A rubric for deciding composite viscosity selection
by Dr. Foroud Hakim
Composite resin has become the most common material selected by practitioners for direct restorations over
the past three decades. An expanding desire for tooth-colored restorations, advancements in material science and
simplification of delivery are equally responsible for doctors choosing composites for an expanding list of clinical
indications.
Insurance company reimbursement data indicates that Class I and II restorations account for nearly 70% of
composites delivered in contemporary practices. A combination of Class III, IV and V restorations account for
most of the remaining procedures submitted. Through research and development, manufacturers continue to
provide doctors better materials and technologies. In my estimation, the four most important advancements in
this area include:
Nanofiller technology. Nanofillers are in large
part responsible for mitigating many of the
shrinkage-related liabilities related to traditional
composites by lowering values below the
2% threshold. Aesthetics, strength, handling and
many other improved characteristics are attributed
to nanoparticle integration.
Bulk-fill options. Volumetric shrinkage stress,
depth of cure and conversion, and improvements
in aesthetic potential are just a few challenges that
have been overcome with modern bulk-fill entries.
They allow practitioners to reduce delivery time,
simplify technique, and reduce voids and gap
formation associated with traditional layering.

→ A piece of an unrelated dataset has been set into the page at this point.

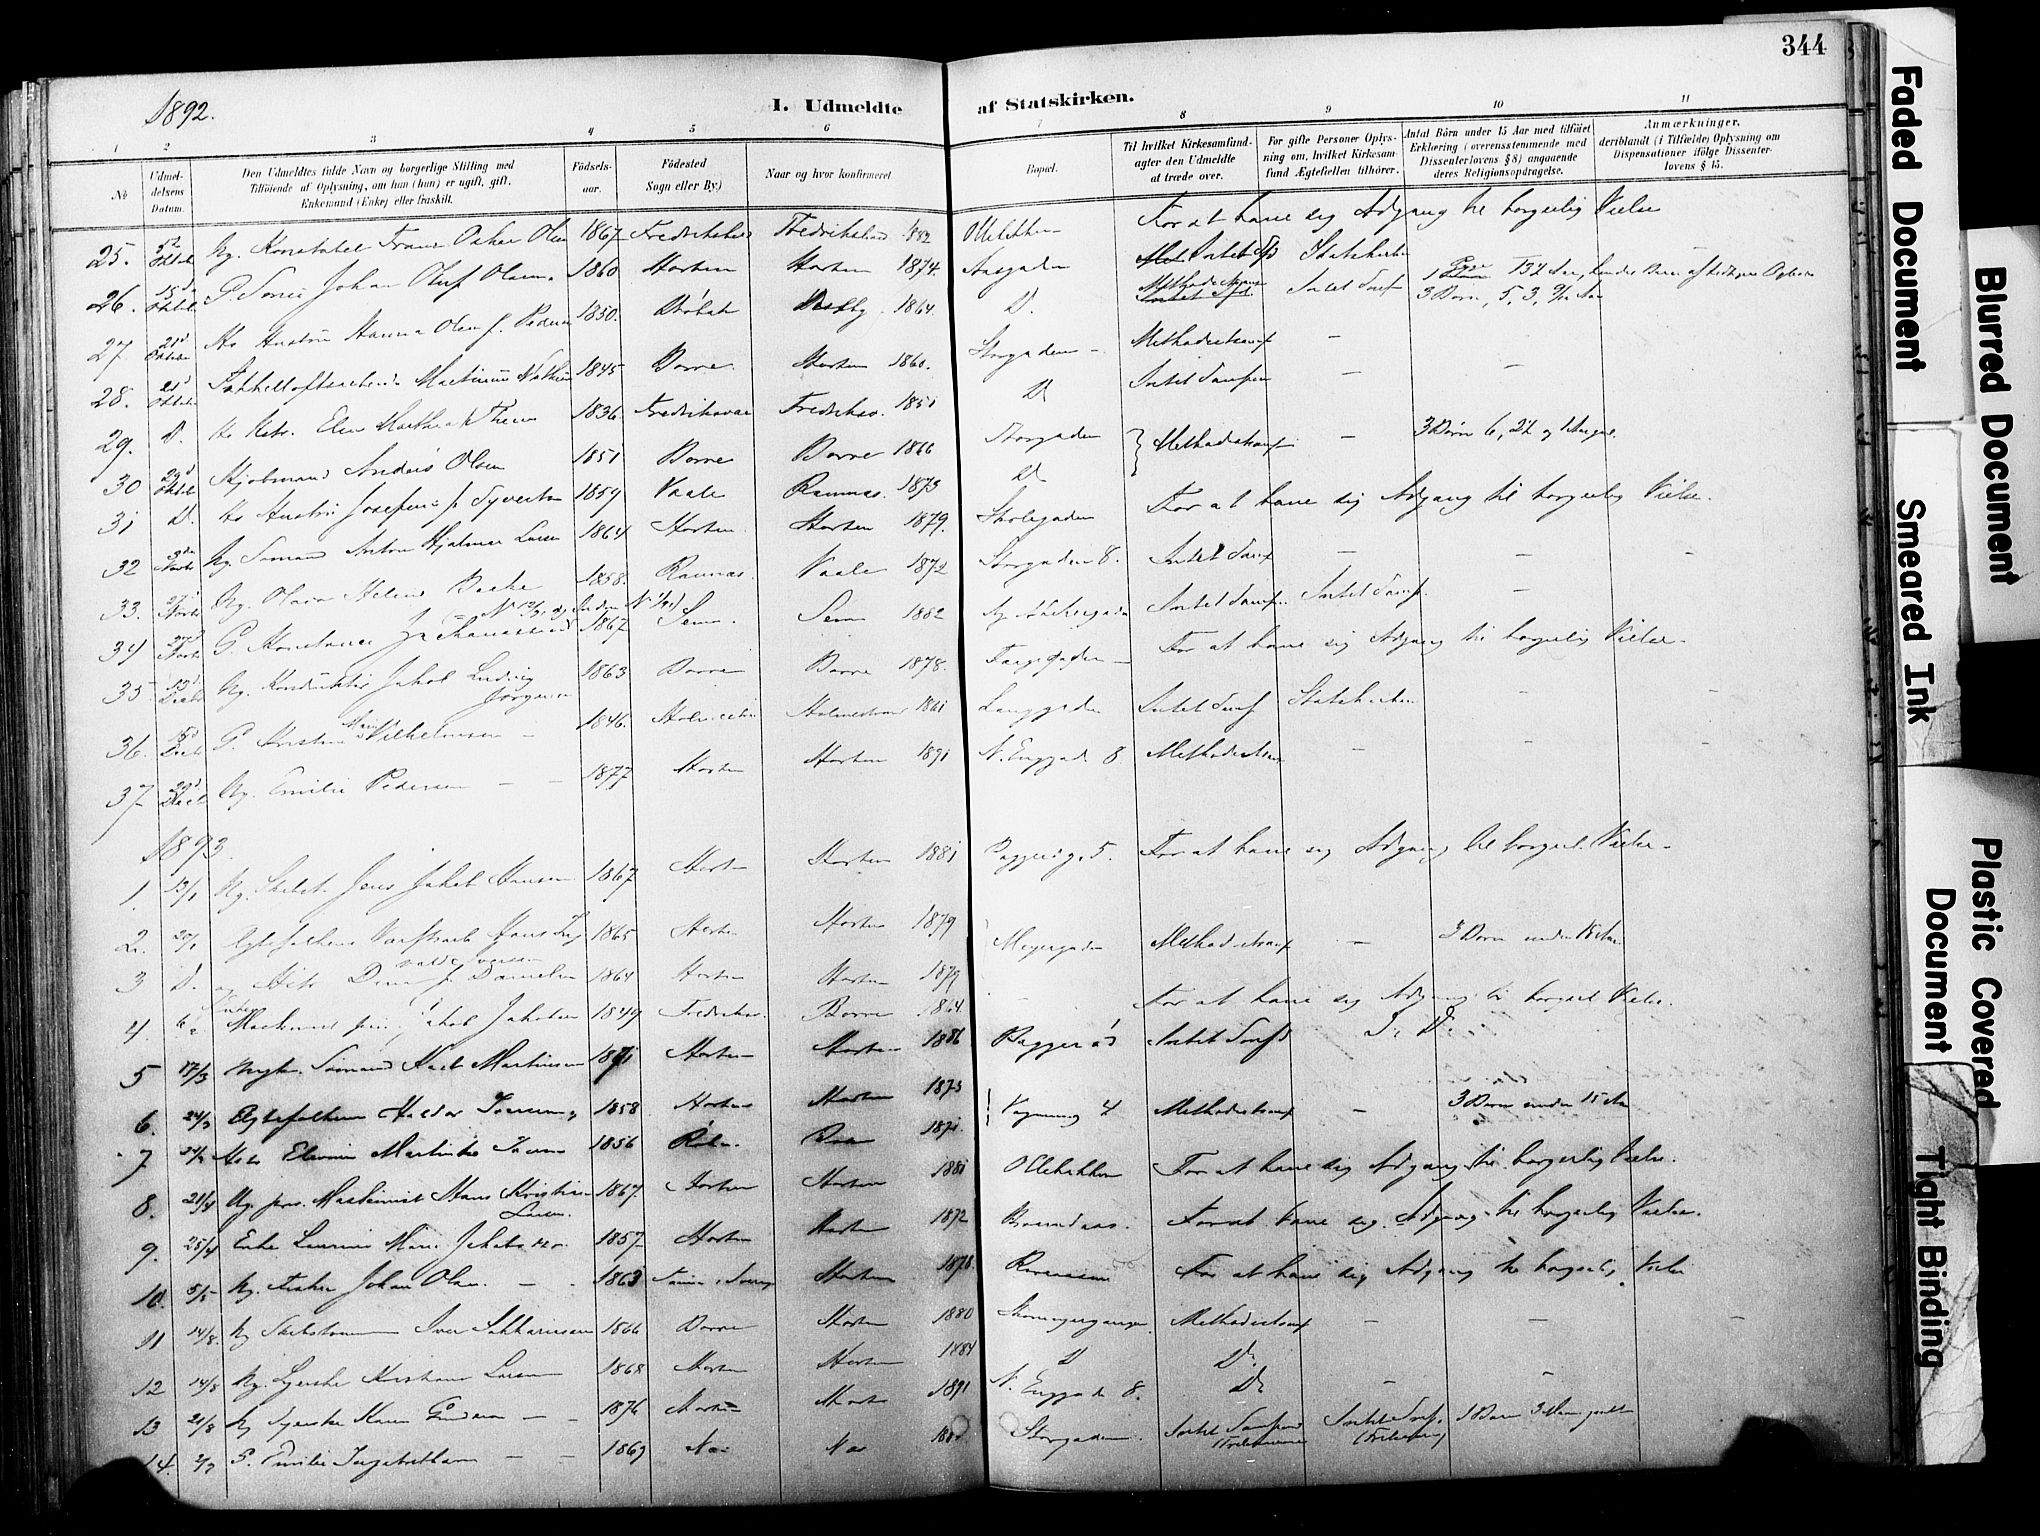 SAKO, Horten kirkebøker, F/Fa/L0004: Parish register (official) no. 4, 1888-1895, p. 344

Predictable adhesion. The evolution of bonding
agents affords practitioners simplification with
respect to delivery, expanded and improved adhesion
to various substrates (including predictable dentin
bonds), and just plain stronger bonds with reduced
deviations.
Viscosity variations. One of the most important
advancements in composite differentiation is the
expanded menu revolving around viscosity. Not
only do the traditional body composites present
in a variety of viscosities ranging from very creamy
to mid-consistency and all the way to firm, but
all of these also can be further modified via the
introduction of heat using composite warming
technologies that continue to gain traction. Added
to this is an increased menu of flowable composites
that can range from highly flowable to the heaviest
of viscosities.
The balance of the article will focus on composite viscosity—in particular, critical and intentional viscosity
variation based on the clinical circumstance. In my opinion, and through my observations when providing
continuing education to colleagues, viscosity selection is an underutilized strategy that can greatly benefit doctors
in daily practice while helping to improve outcomes and efficiency.
Case 1
A 64-year-old patient presented with recurrent
decay involving a long-standing occlusal amalgam on
tooth #30 (Fig. 1). After anesthesia, the old restoration
and all remaining infected tooth structure was removed
(Fig. 2) under Isolite isolation (Zyris). A selective-etch
approach to tooth conditioning was employed, with
the enamel margins etched with 37% phosphoric acid
(Fig. 3) using Ultraetch (Ultradent) for 20 seconds.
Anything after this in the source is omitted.